Jasmin Paris’ Secret to Success is Her 14-Month-Old Daughter
The new 268-mile Montane Spine Race course record holder shares how raising her 14-month-old daughter helped her prepare for the race.
Heading out the door? Read this article on the new Outside+ app available now on iOS devices for members! Download the app.
Jasmin Paris is kind of a big deal.
Earlier this January, the Inov-8 sponsored Paris won the 268-mile Montane Spine Race, crossing the finish line in 83 hours, 12 minutes and 23 seconds and breaking the course record by 12 hours. She also did it all while expressing milk for her 14-month-old daughter, Rowan, pumping at every aid station.
The Montane Spine Race is known as one of the toughest endurance races in the world, stretching over four days and three nights. Paris torched her rivals, crossing the finish line 15 hours ahead of her closest male competitor. But as she thinks back on the multi-day race, which required competitors to barely sleep (if they did at all) throughout its duration, Paris says she may have had a secret weapon: her daughter.
“It was pretty tough getting up at that time in the morning every day when the baby wasn’t sleeping through the night,” Paris said. “Maybe the baby’s helped with the sleep deprivation.”
Paris had to get creative throughout all of her training, juggling motherhood with her full-time job and earning her Ph.D. She ran with a buggy, pushing Rowan, or trained in the hills wearing the baby on her back instead of training with a rucksack.
It was essential to train with a pack, Paris explained, because she needed to be prepared to carry one throughout the race. Though you can’t truly replicate a race like the Montane Spine in training—“You’d end up with wear and tear on your body; you’d break yourself,” Paris says—Paris did increase her mileage throughout training, topping out at about 100 miles a week while also mixing in speed and hill work.
“It’s not easy. I won’t make it sound easy. My training has generally been, during the week I only run between an hour and an hour and a half a day. I do that training at five in the morning, so I get up at half-past four in the morning. I go to work and I come home, and the rest of my day is dedicated to my daughter,” Paris said. “That’s how I do my work-life balance.”
Prior to this race, Paris had never run anything that compared in duration. Her strategy was to break the challenge down in her mind, focusing on completing it “bit by bit.” The hardest night was the first, she said, because in the back of her mind was a reminder of the monumental task that stretched ahead of her.

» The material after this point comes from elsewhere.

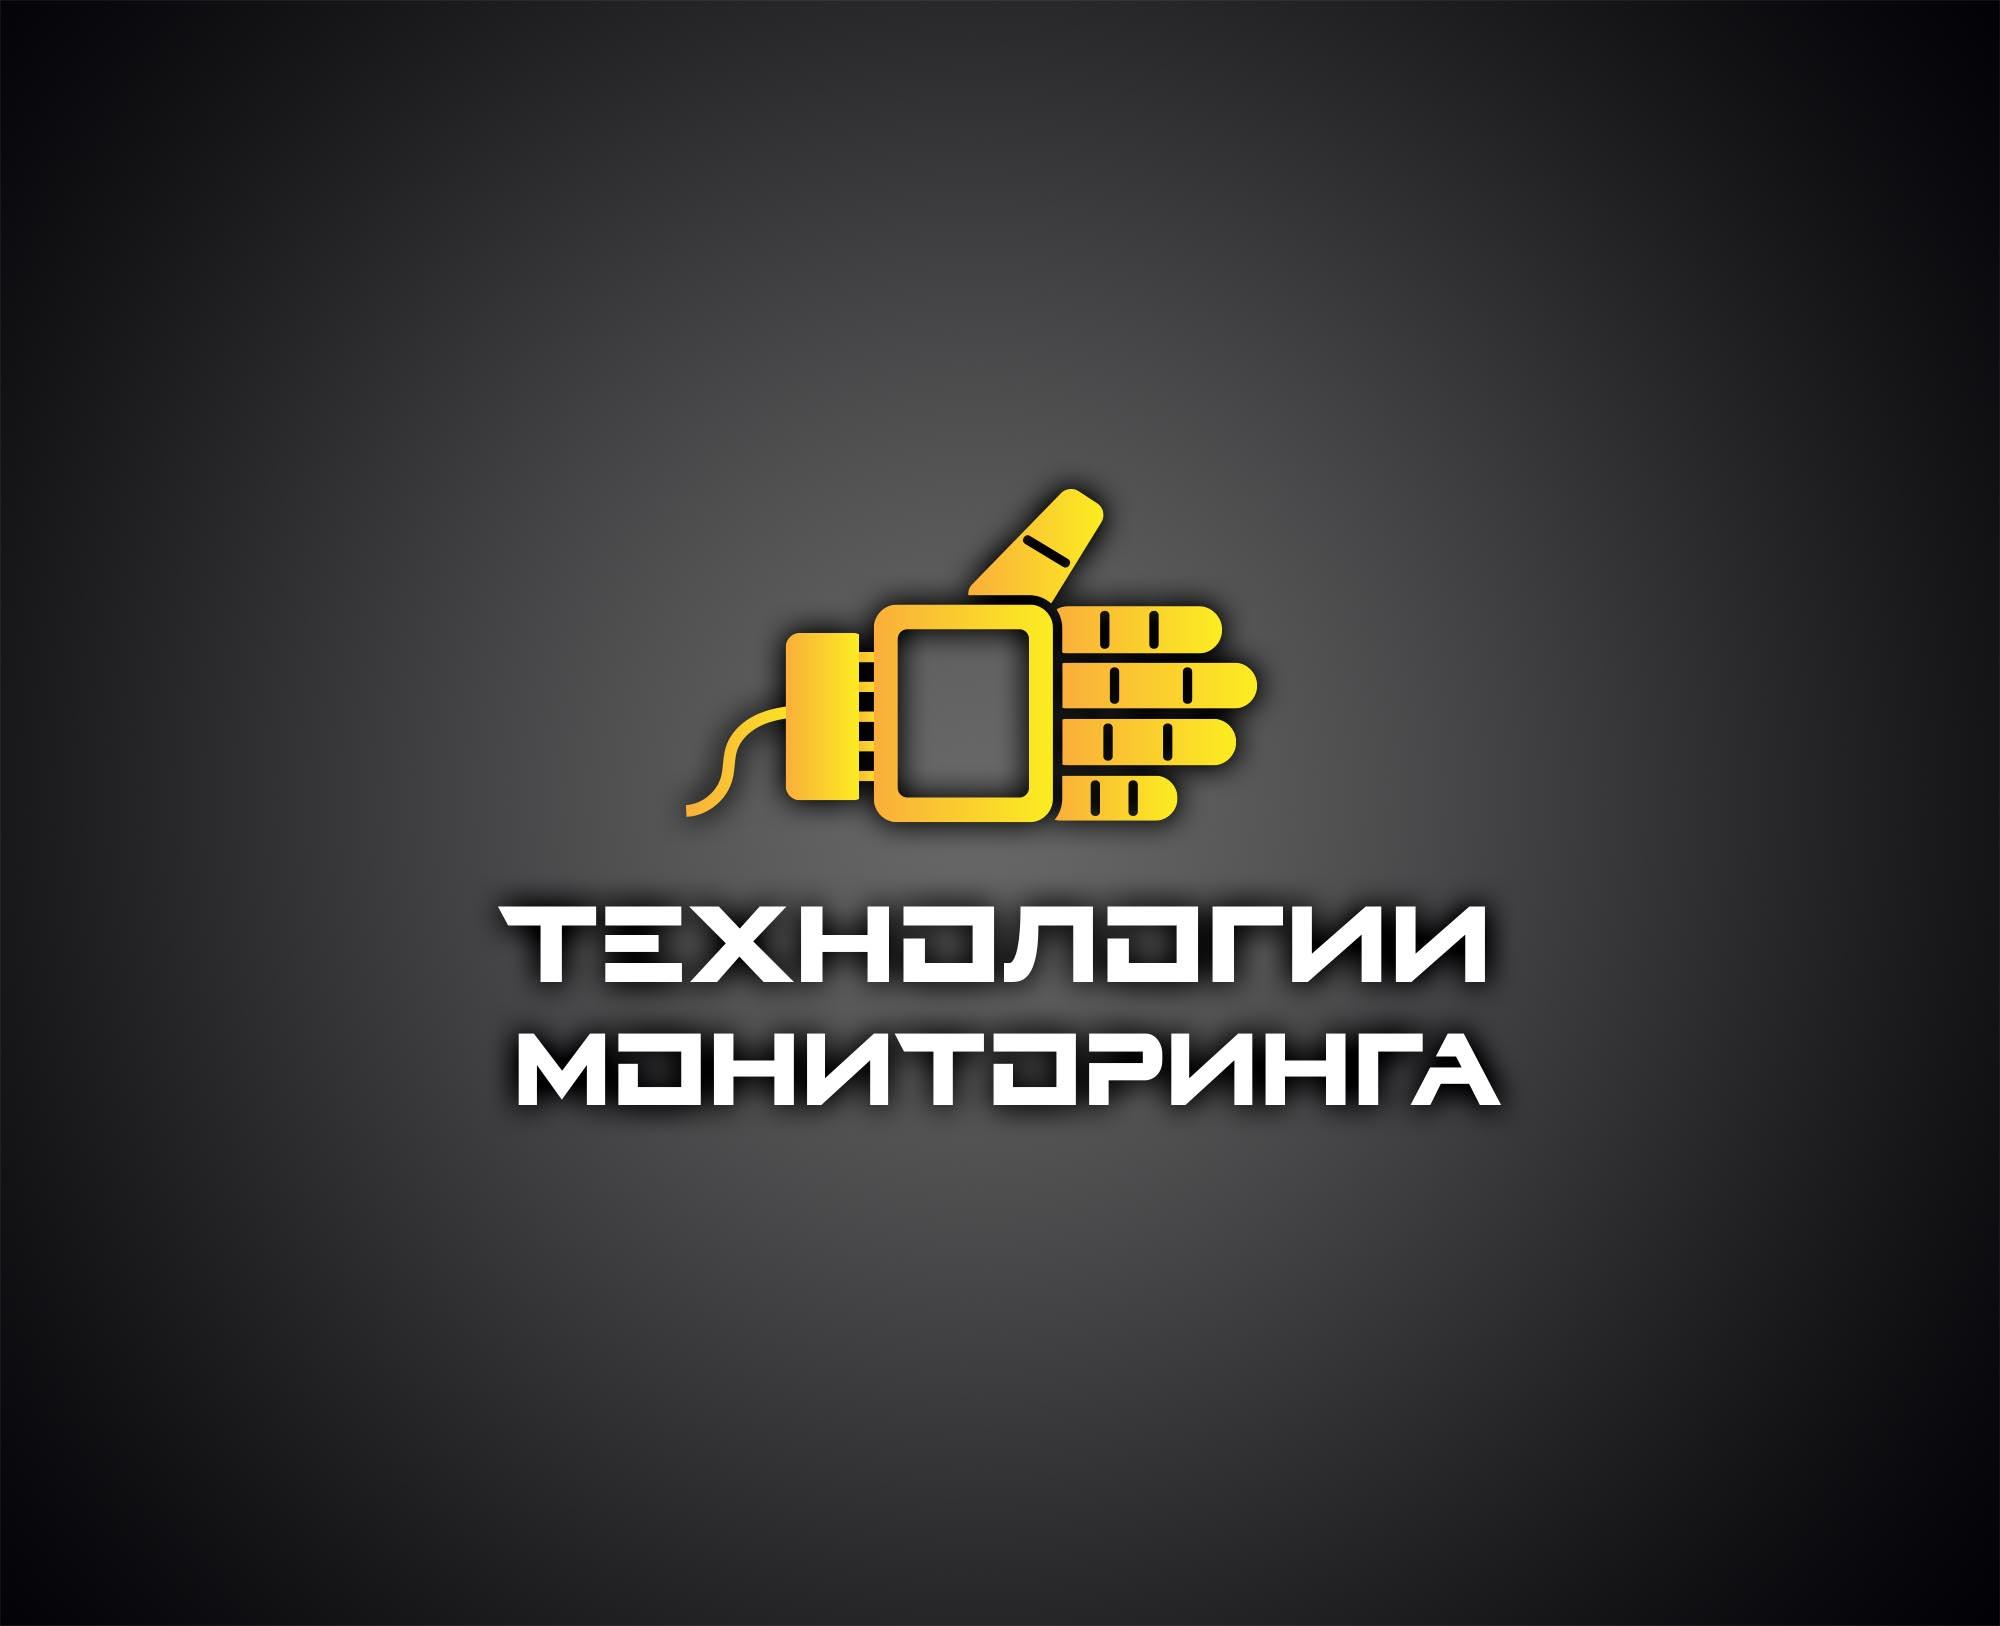 Разработка логотипа фото f_781596de59faea60.jpg

As time went on, she fell into a rhythm and was able to somewhat disassociate from the physical challenge to simply power through the miles. Aside from the sheer amount of ground that participants covered, Paris found two of the biggest obstacles to be sleep deprivation and proper fueling.

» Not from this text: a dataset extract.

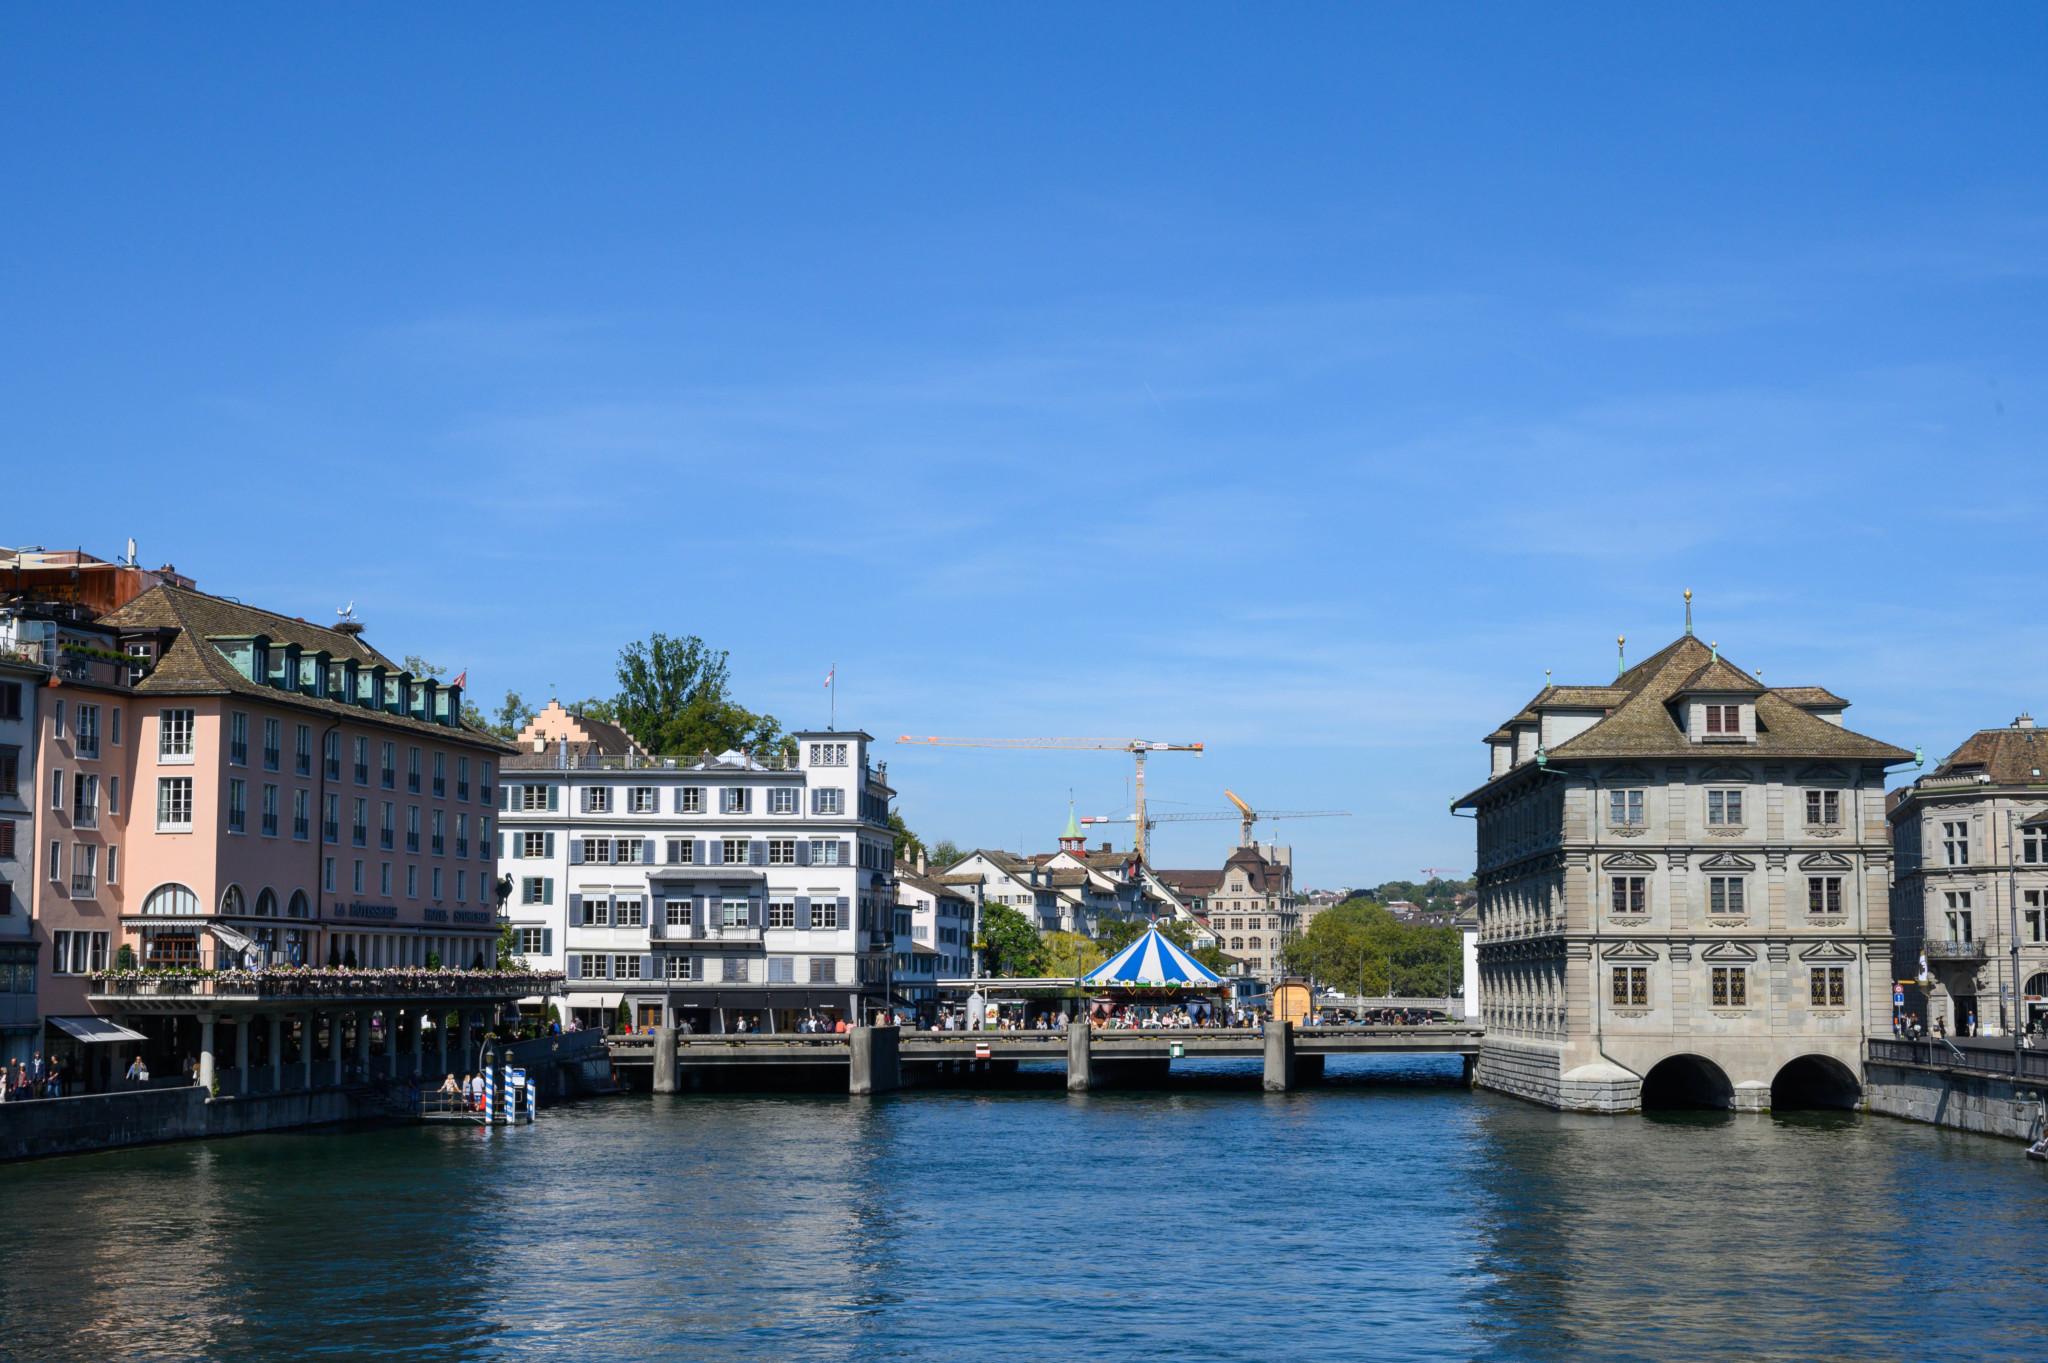 Das Rathaus von Zürich darf nicht fehlen

“I don’t think you could run a race like this, fueling yourself with gels and shakes. You need to eat real food. You’d feel terrible after the first day,” Paris said.

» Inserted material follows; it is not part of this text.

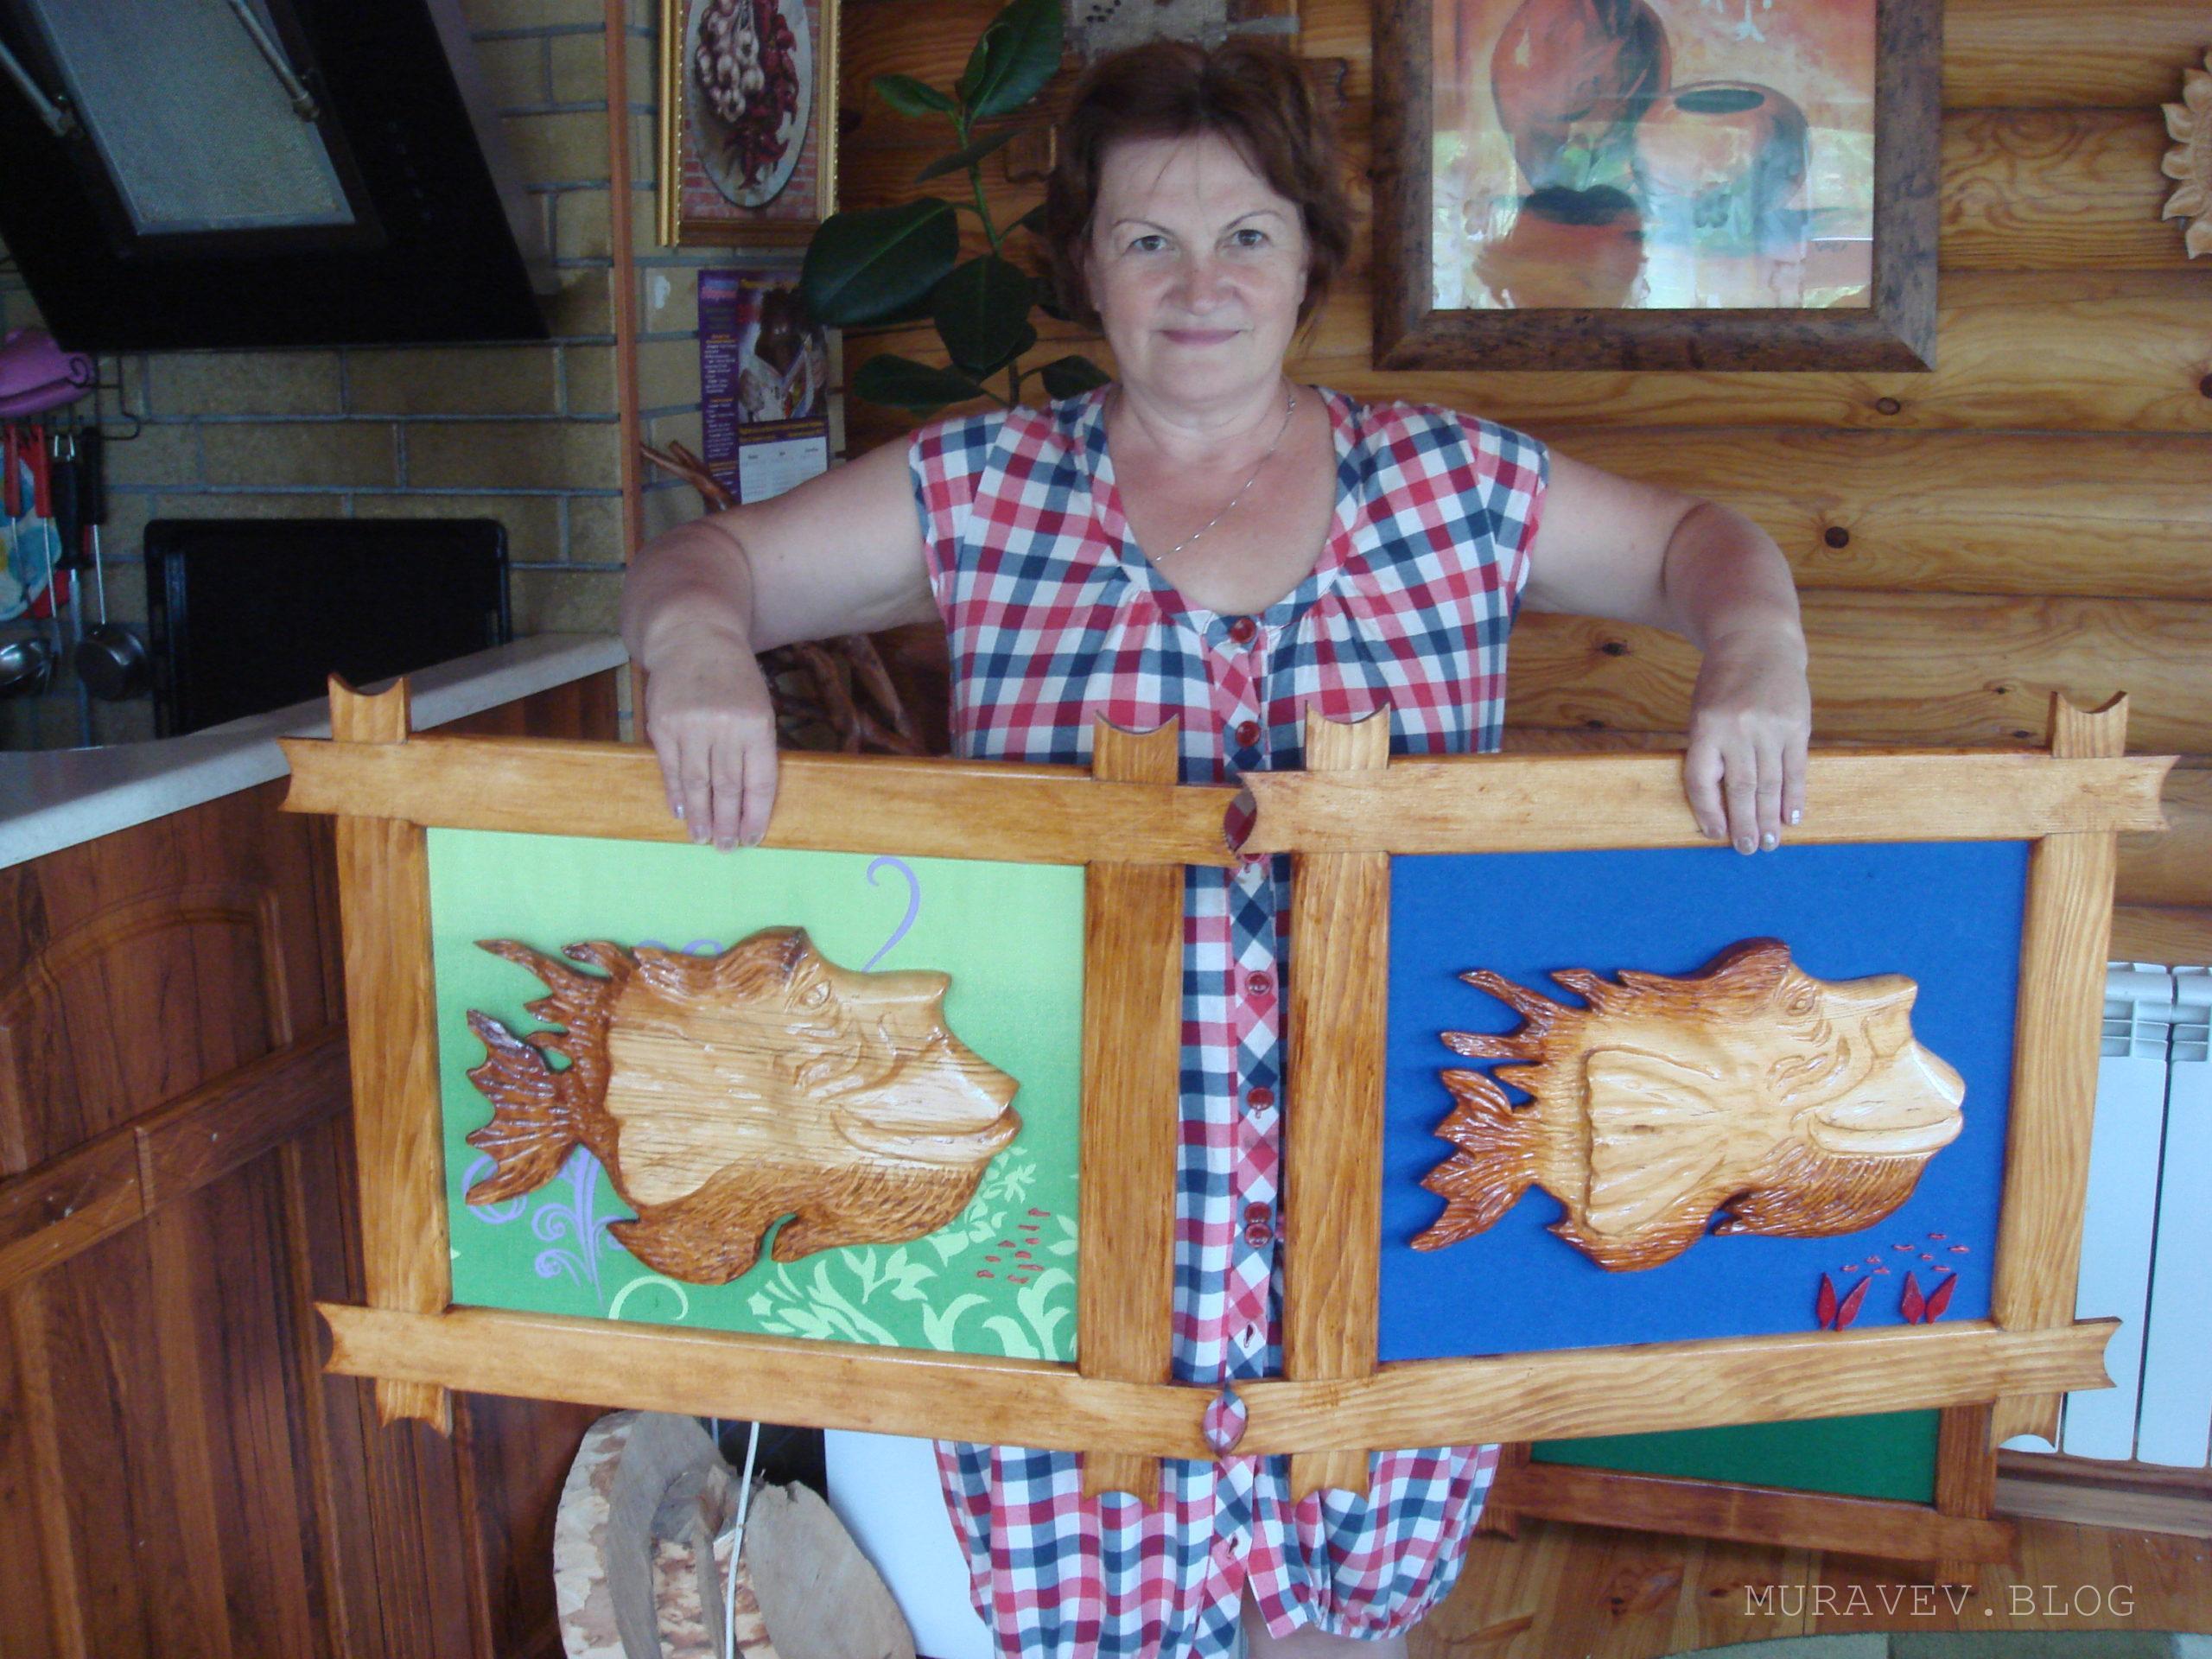 картина из спила дерева своими руками рыба

There were full meals at checkpoints (think lasagna or sausage casserole), and Paris carried around 3,000 calories of fuel in her race bag. She also needed to keep the pack relatively light, so much of her food was easy to carry – dried fruit and nuts, or pizza that she’d frozen so it defrosted as she ran.
Sleep deprivation was another story. The longer runners slept, the greater their disadvantage was compared to their fellow competitors. Paris estimates that by the last day, on her fourth day of running, she’d only had three hours or less of sleep throughout the whole race.
“I was seeing things in the rocks. The patterns in the rocks were forming the faces of people and animals. I saw animals in every rock. I saw a tree doing yoga at one point, doing its morning stretches. Everywhere I looked, something was odd, but I was cognizant of the fact that it wasn’t real. It was like a picture show,” Paris said. “Even coming down to the finish, I thought all the trees coming down the side of the road were people’s arms.”
When Paris crossed the finish line, not only was she the winner of the Montane Spine Race—she was the first-ever woman to win it. It’s an accomplishment she’s proud of, but not one she ever doubted was within her reach.
“I’m proud of that achievement. And I think I was really lucky, as my parents brought me up, they made no difference between me and my brothers,” Paris said.
“I never really felt that being a girl was in any way a disadvantage in what I could achieve in life. I hope I’m setting an example for my daughter in terms of what she can achieve.”